PROMPT: The expected output is the data below, character for character, without its pictures.

THE DATA:
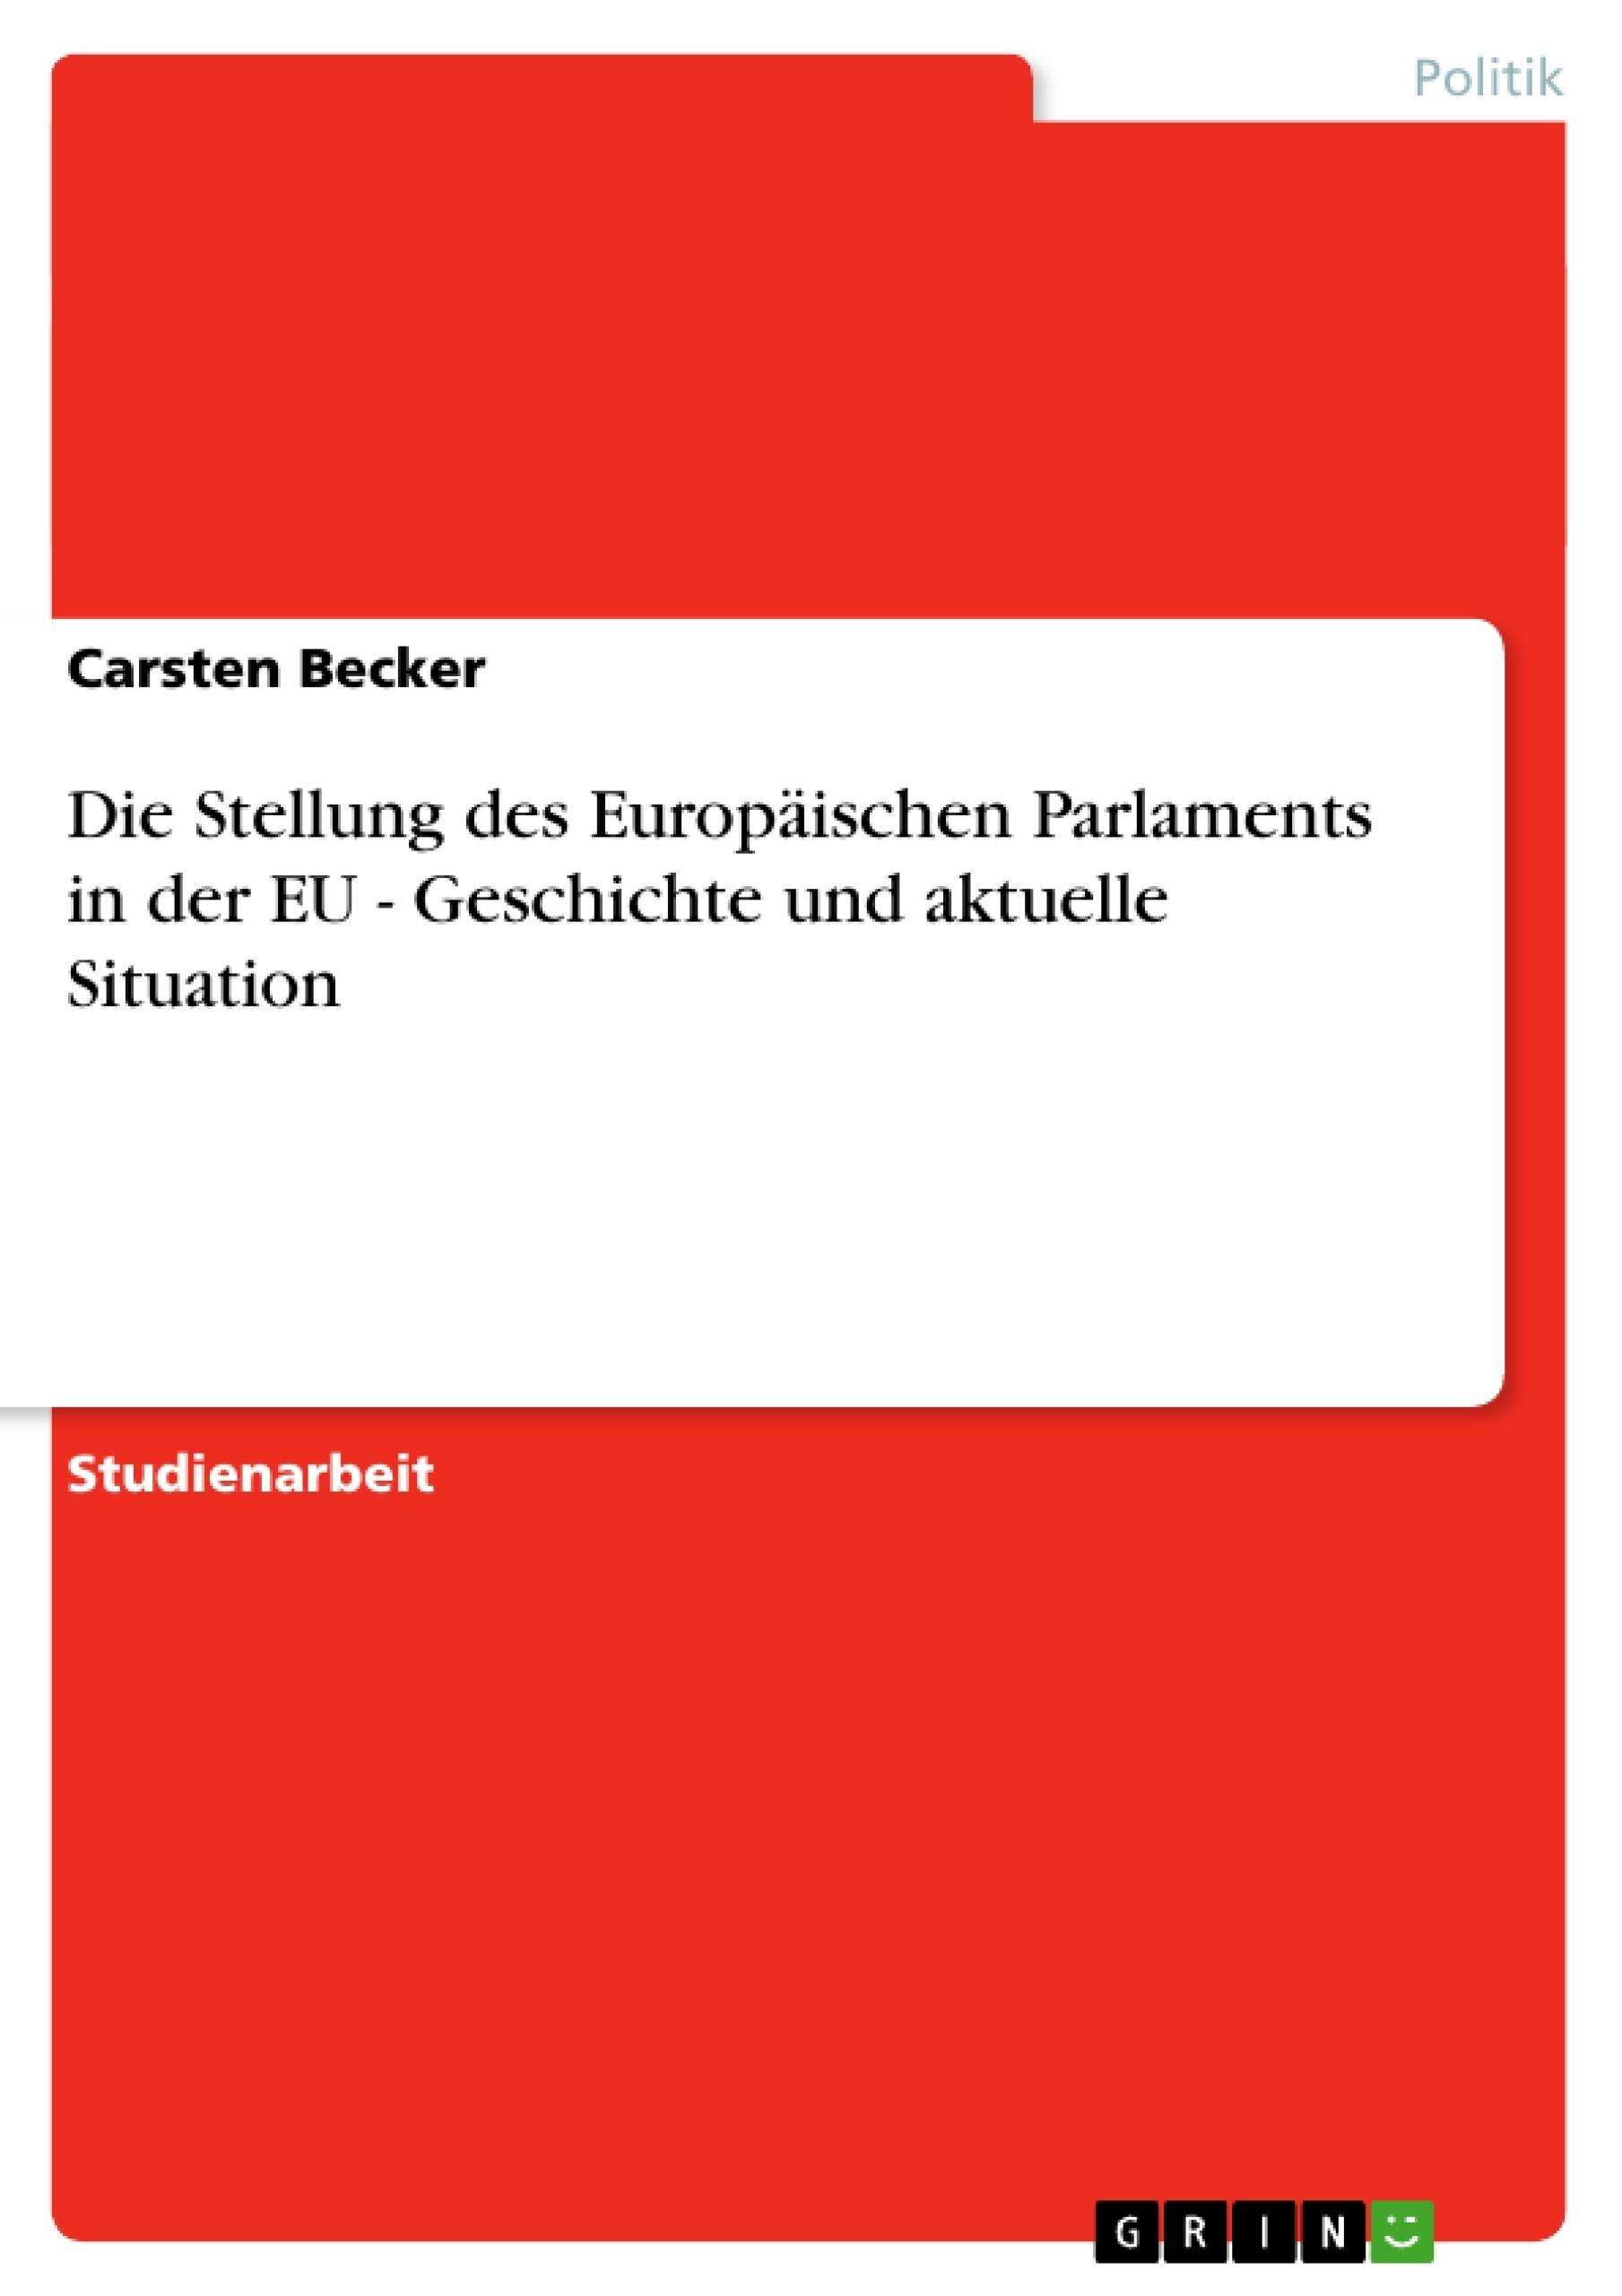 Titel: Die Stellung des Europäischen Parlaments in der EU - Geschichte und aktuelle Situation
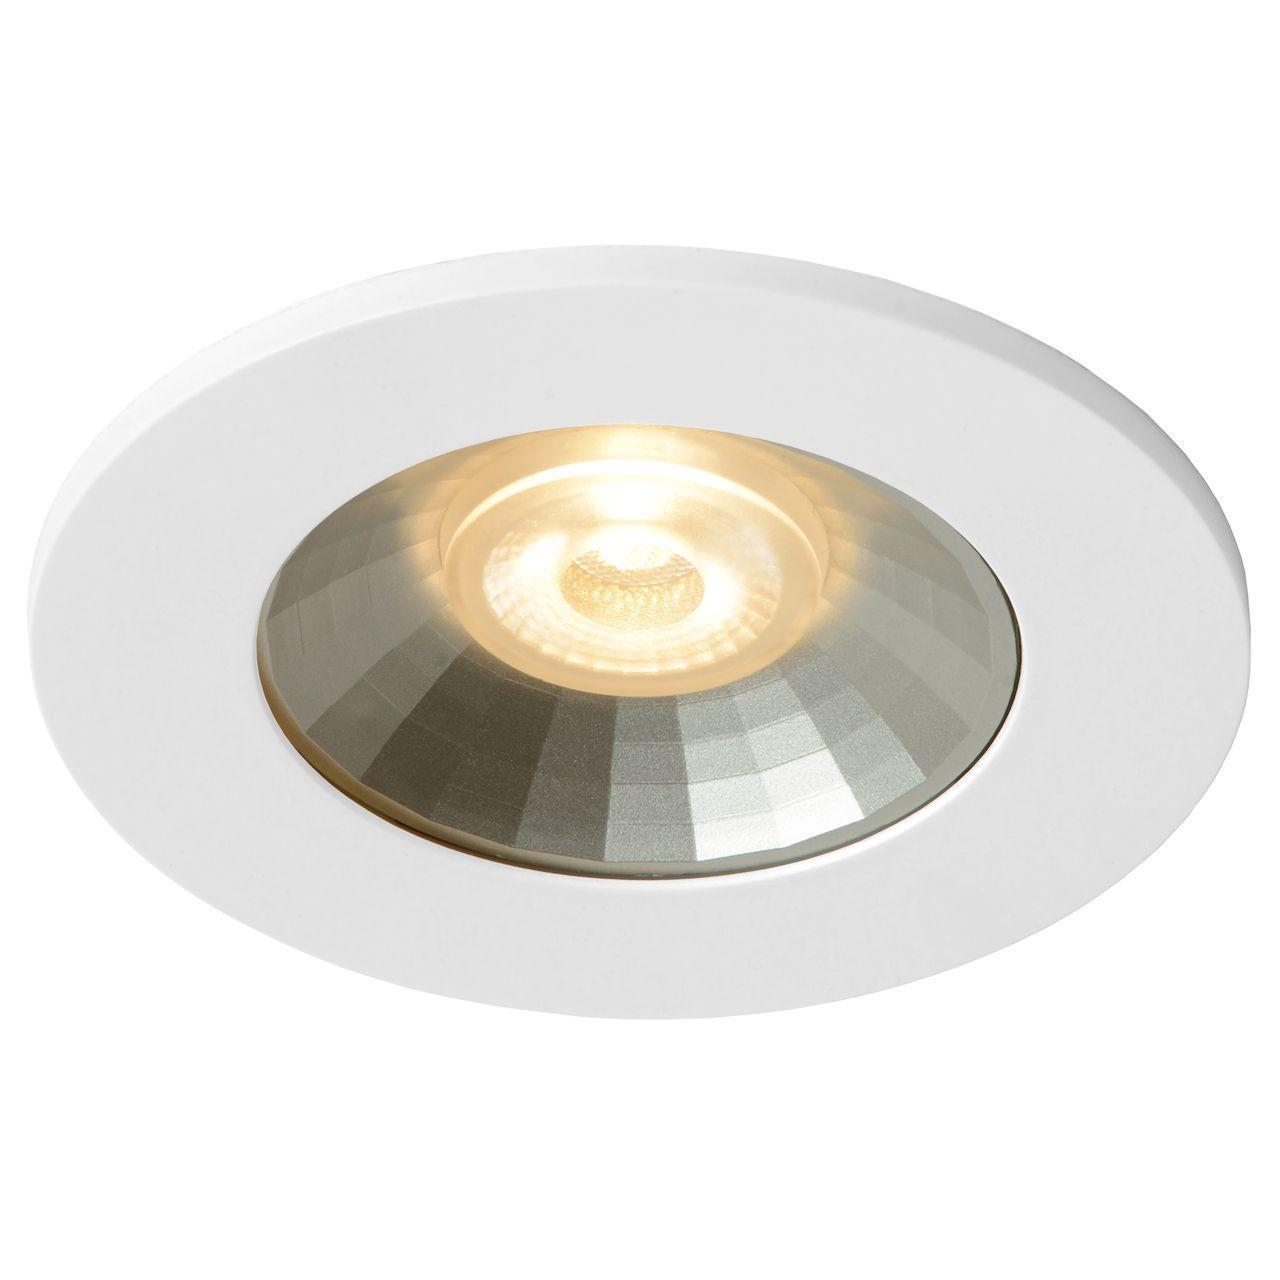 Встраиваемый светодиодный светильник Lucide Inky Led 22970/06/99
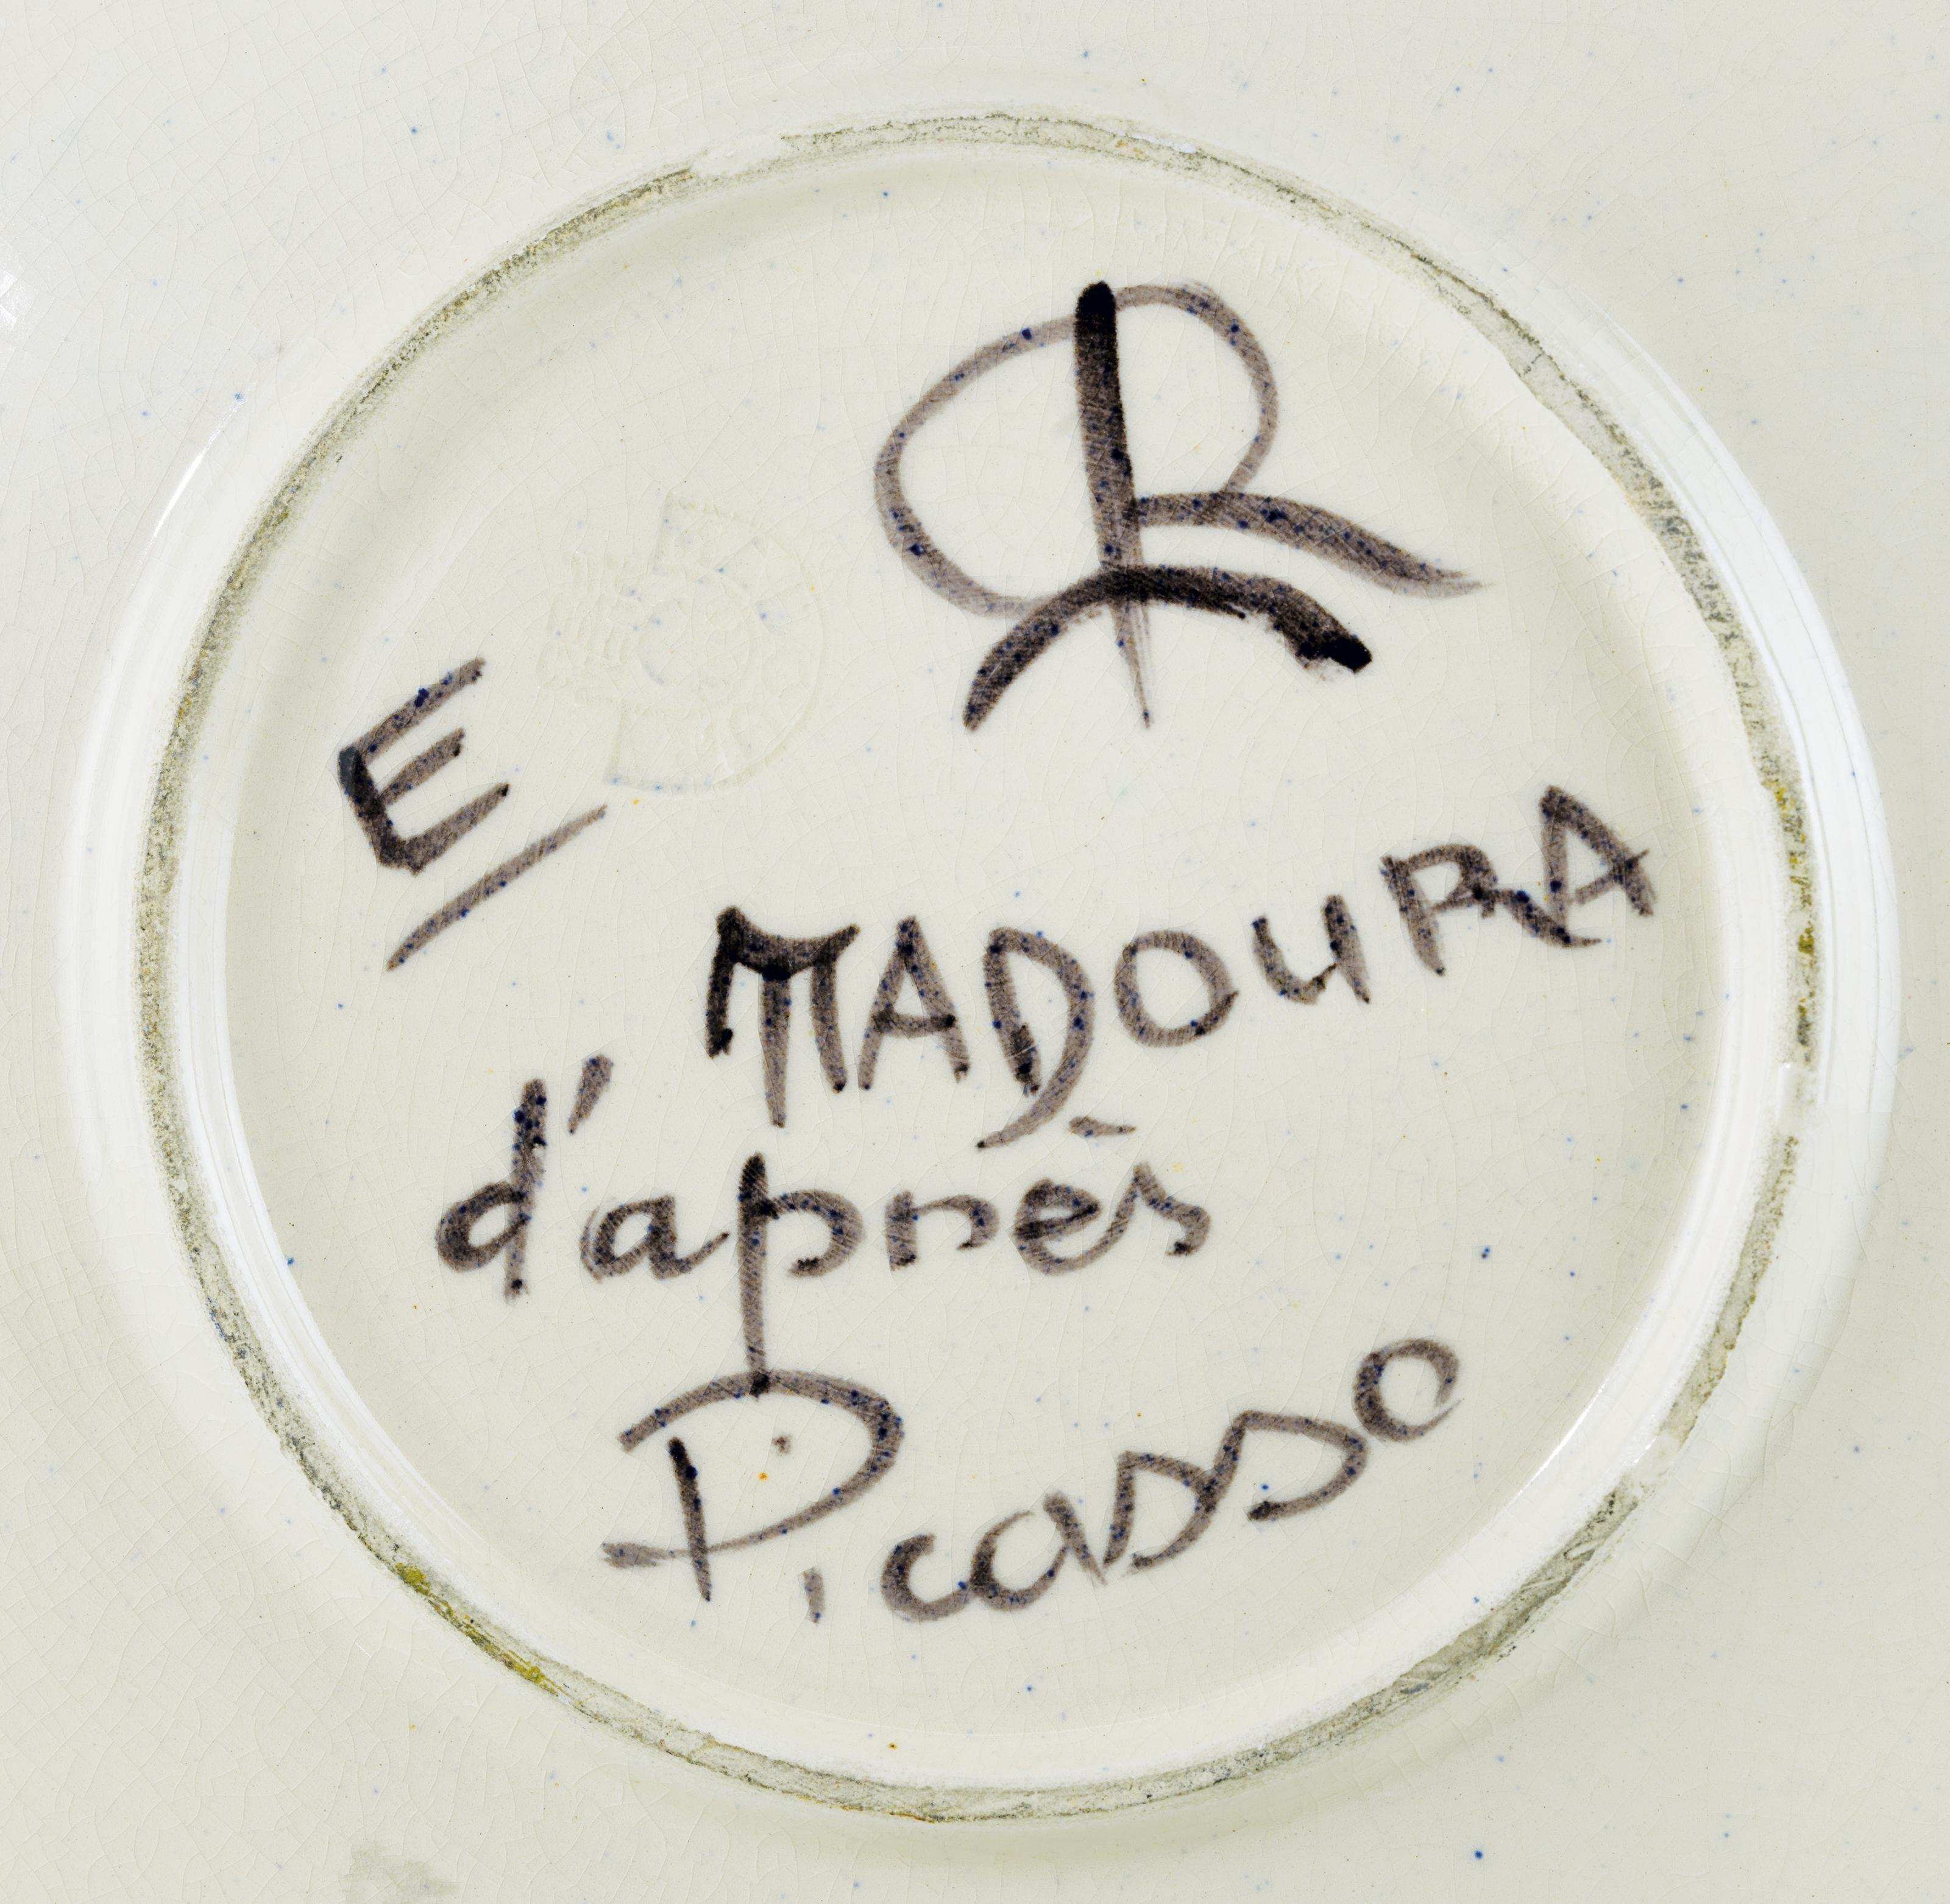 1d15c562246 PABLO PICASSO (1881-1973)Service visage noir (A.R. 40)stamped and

ANSWER TO THIS TASK:
 Titel: Die Stellung des Europäischen Parlaments in der EU - Geschichte und aktuelle Situation
 Встраиваемый светодиодный светильник Lucide Inky Led 22970/06/99
 1d15c562246 PABLO PICASSO (1881-1973)Service visage noir (A.R. 40)stamped and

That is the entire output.